Yusuf described the provision which was to allow the imposition of excise duty on all services in the proposed bill as too broad, inexact and wide ranging, making the business community very vulnerable.

He noted that there was no jurisdiction around the world where all services were liable to excise duty, stating that practically all services were currently liable to Value Added Tax(VAT).

He added that the service sector was very strategic to the Nigerian economy, contributing 54 per cent to Gross Domestic Product (GDP), 53 per cent to employment and was currently the largest contributor to government tax revenue.

“We are concerned that companies in the service sector are already paying huge taxes in the form of company tax which is currently at 30 per cent , tertiary education tax at 2.5 per cent, NITDA levy at one per cent.

“Others are the NASENI levy at 0.25 per cent, Police Trust Fund Levy at 0.005 per cent and withholding tax on profit distribution at 10 per cent.

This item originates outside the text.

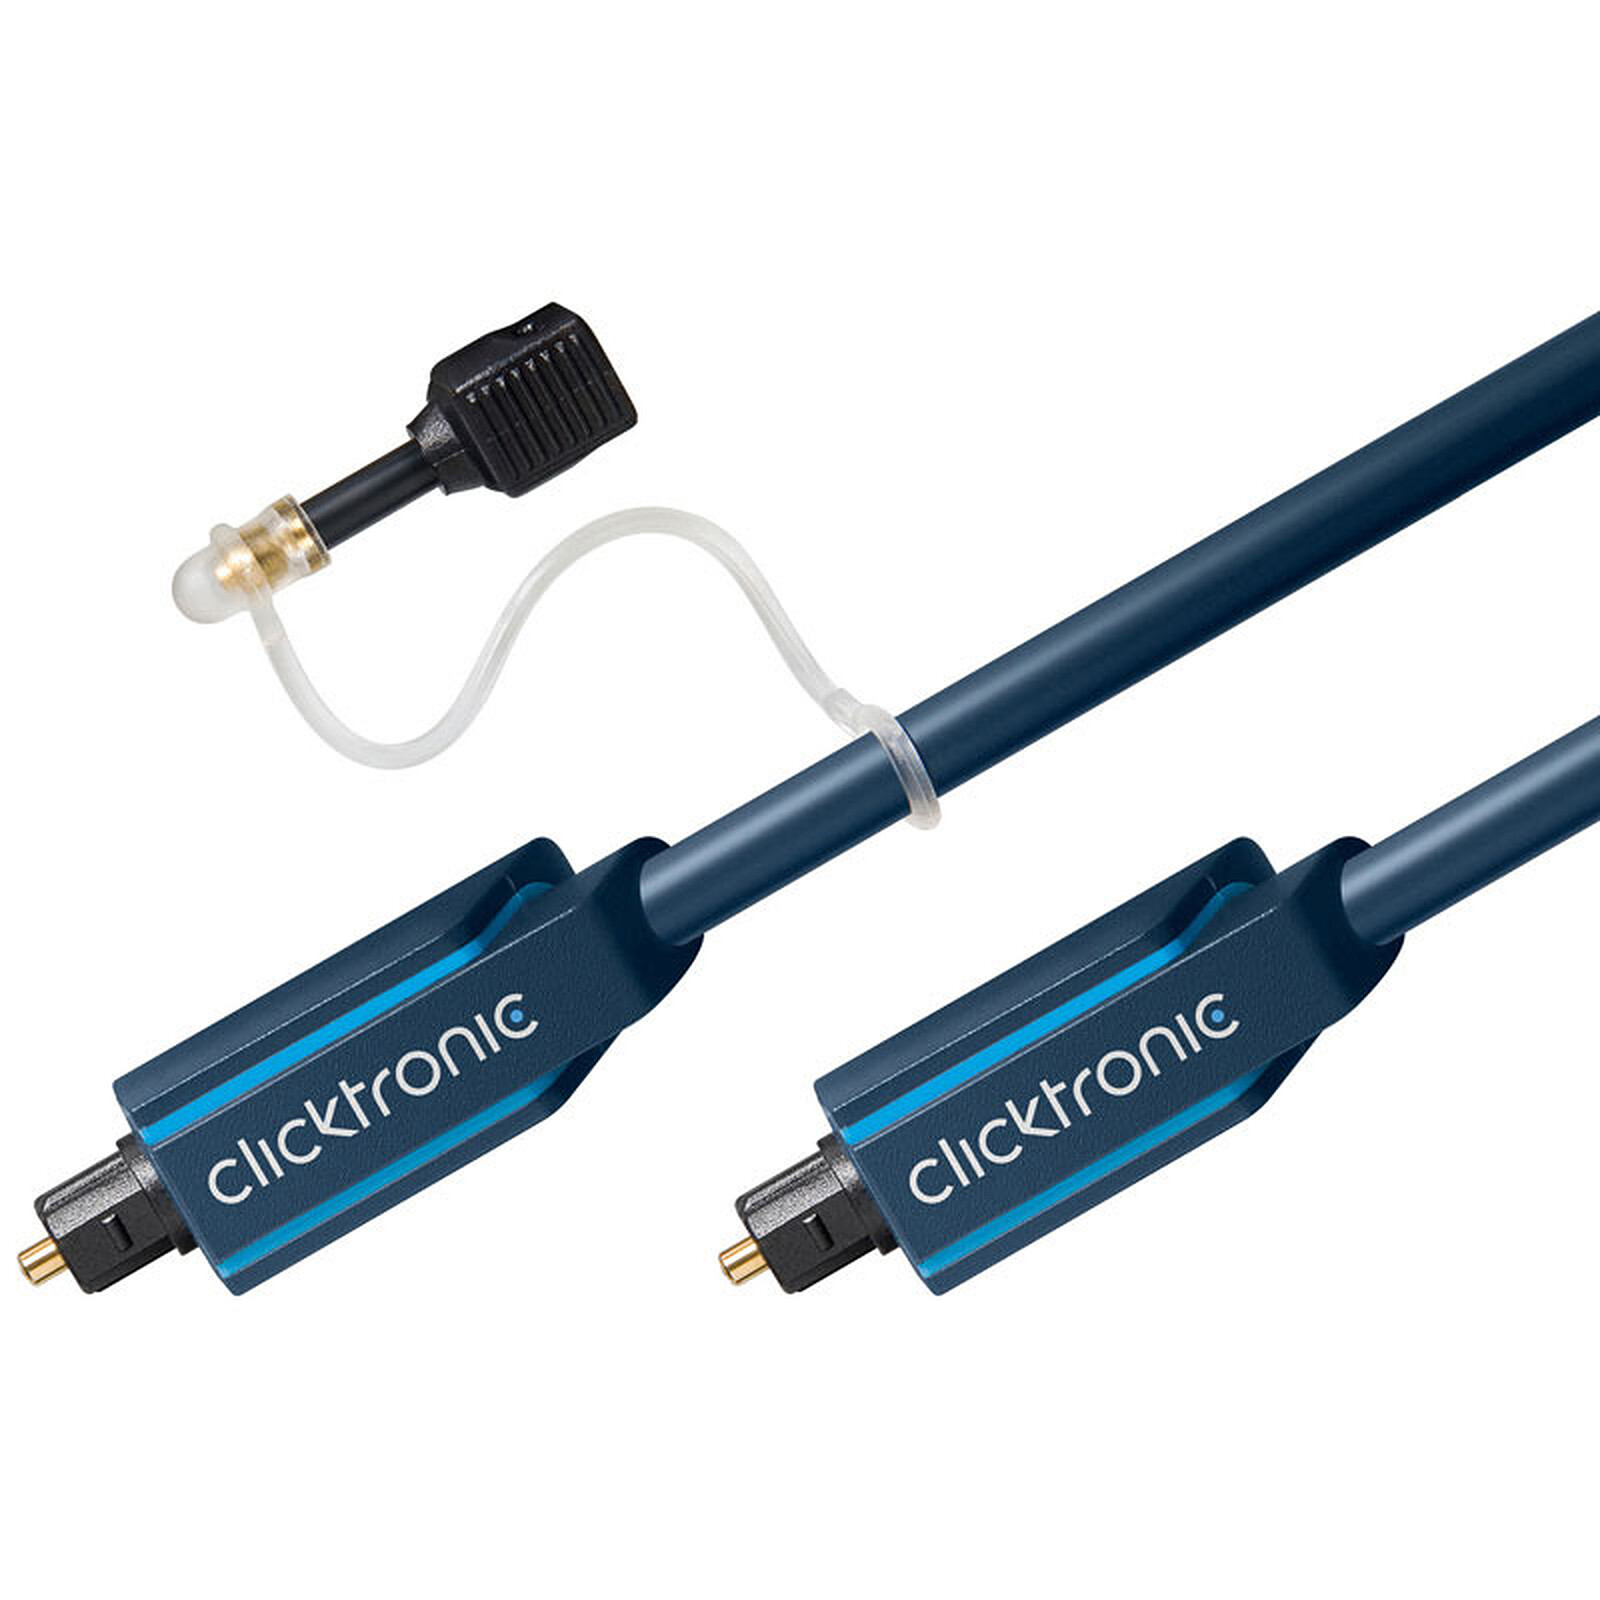 Nedis Câble Audio Optique - 2m - Câble audio numérique - Garantie 3 ans LDLC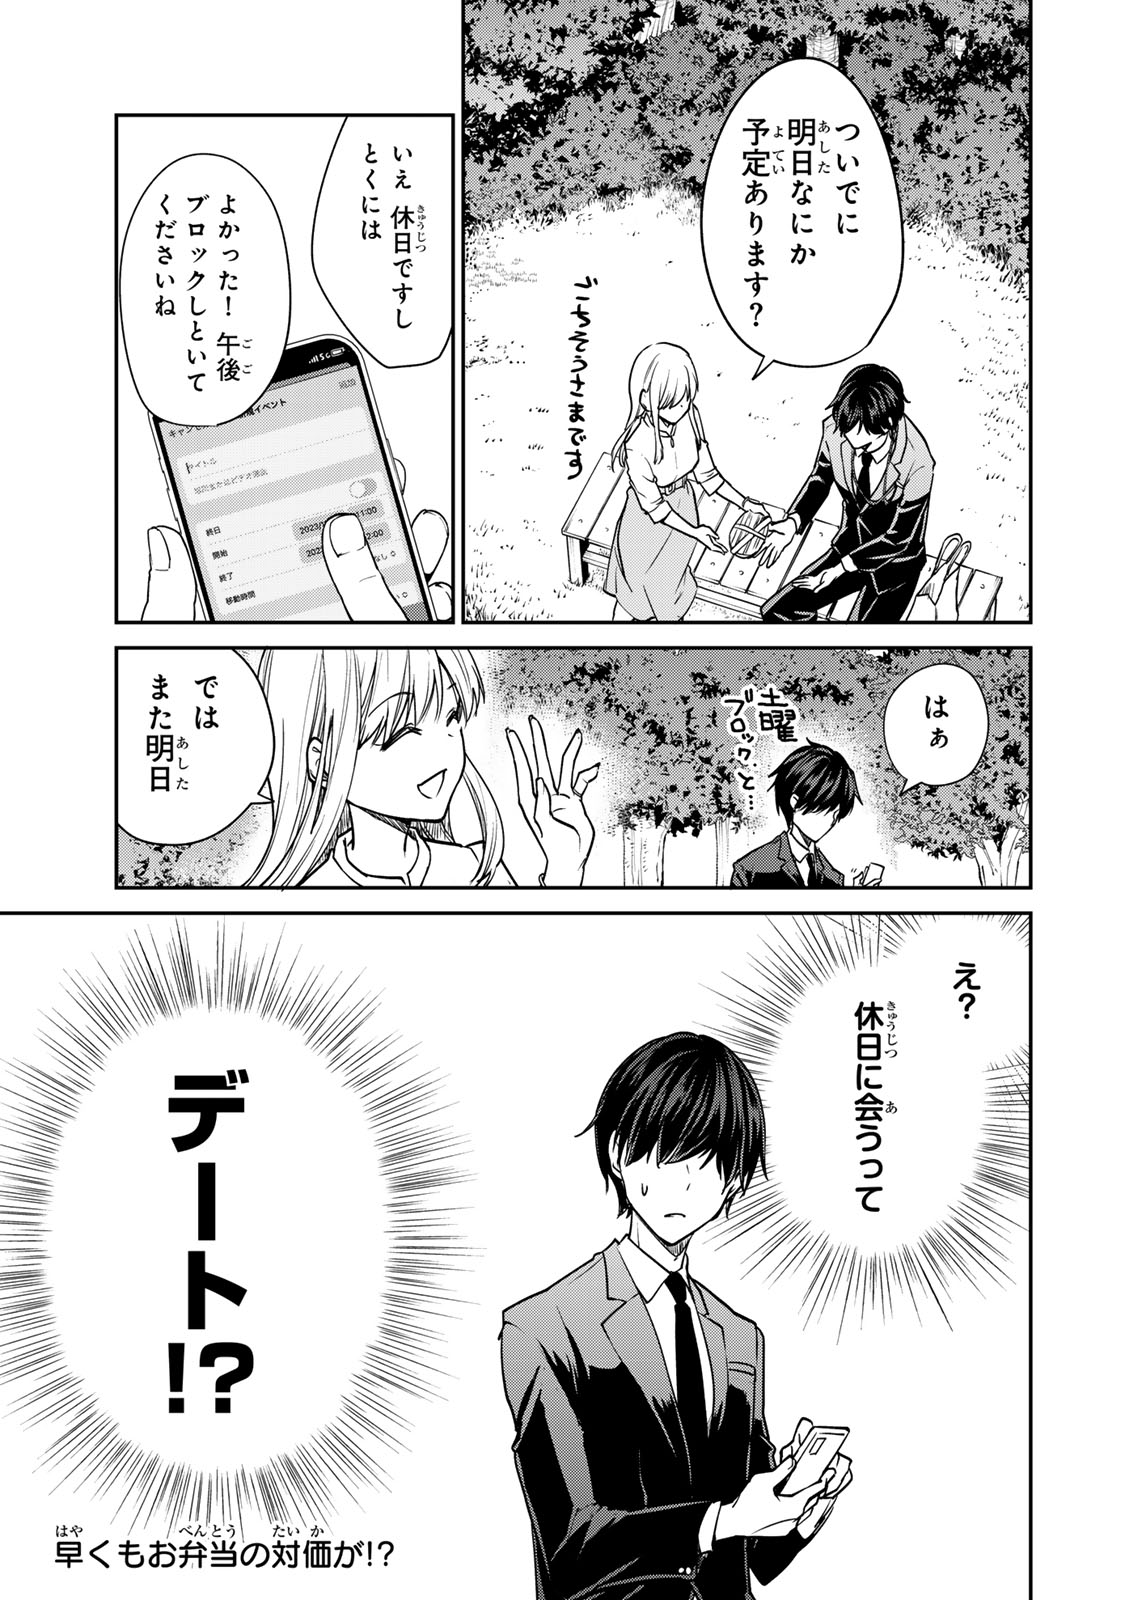 Kyou no Ohiru wa Nan desu ka? - Chapter 3 - Page 21

“Excise duties are typically specific and selective, and often imposed to disincentivise consumption or production of particular product groups.

“The current open-ended provision is inimical to investment and makes the imposition of excise duties arbitrary, indiscriminate and unpredictable.

“The bill should contain specifics of services to be taxed for better stakeholder engagement,” he said.

Yusuf said the provision which sought to impose 0.5 per cent levy on all imports from outside of Africa, would be an additional burden on both businesses and citizens.

According to him, the development will escalate operating expenses, production costs and fuel inflation in the economy.

He noted that most medical, Information and Communication Technology (ICT) and other manufacturing equipment and machineries were all imported from Africa.

“Imposing a levy of 0.5 per cent on this group of items will be inimical to investment, economic growth and the welfare of the citizens.

“Already, currency depreciation has made imports very expensive with profound inflationary effects.

“Currently, investors and citizens are paying 0.5 per cent levy on all imports from outside of ECOWAS in addition to import duty and numerous charges and levies paid by importers at the ports.

“We strongly advise against the imposition of an additional levy on imports,” he said.

Yusuf also decried the proposal to increase tertiary education tax from 2.5 per cent to three per cent, saying the development was too soon to propose another increase as the last was done two years ago.

“Besides, companies are still contending with several macroeconomic, structural, global and regulatory headwinds and so will be inequitable to increase the tertiary education tax at this time.

“We should be a lot more creative in our revenue drive so as not to overburden the current crop of tax payers as the tax base is still extremely narrow and should be widened,” he said.

Yusuf also said that plans to hike company income tax on gas flaring companies was ill-timed, seeing that the ongoing Russia-Ukraine war presented a great opportunity for investment into the Nigerian gas sector.

The CPPE founder added that the proposed 50 per cent tax was not consistent with the essence of the recently enacted Petroleum Industry Act [PIA].

He charged government to explore other gas flaring mitigation measures, which must be proportional to the volume of gas flared.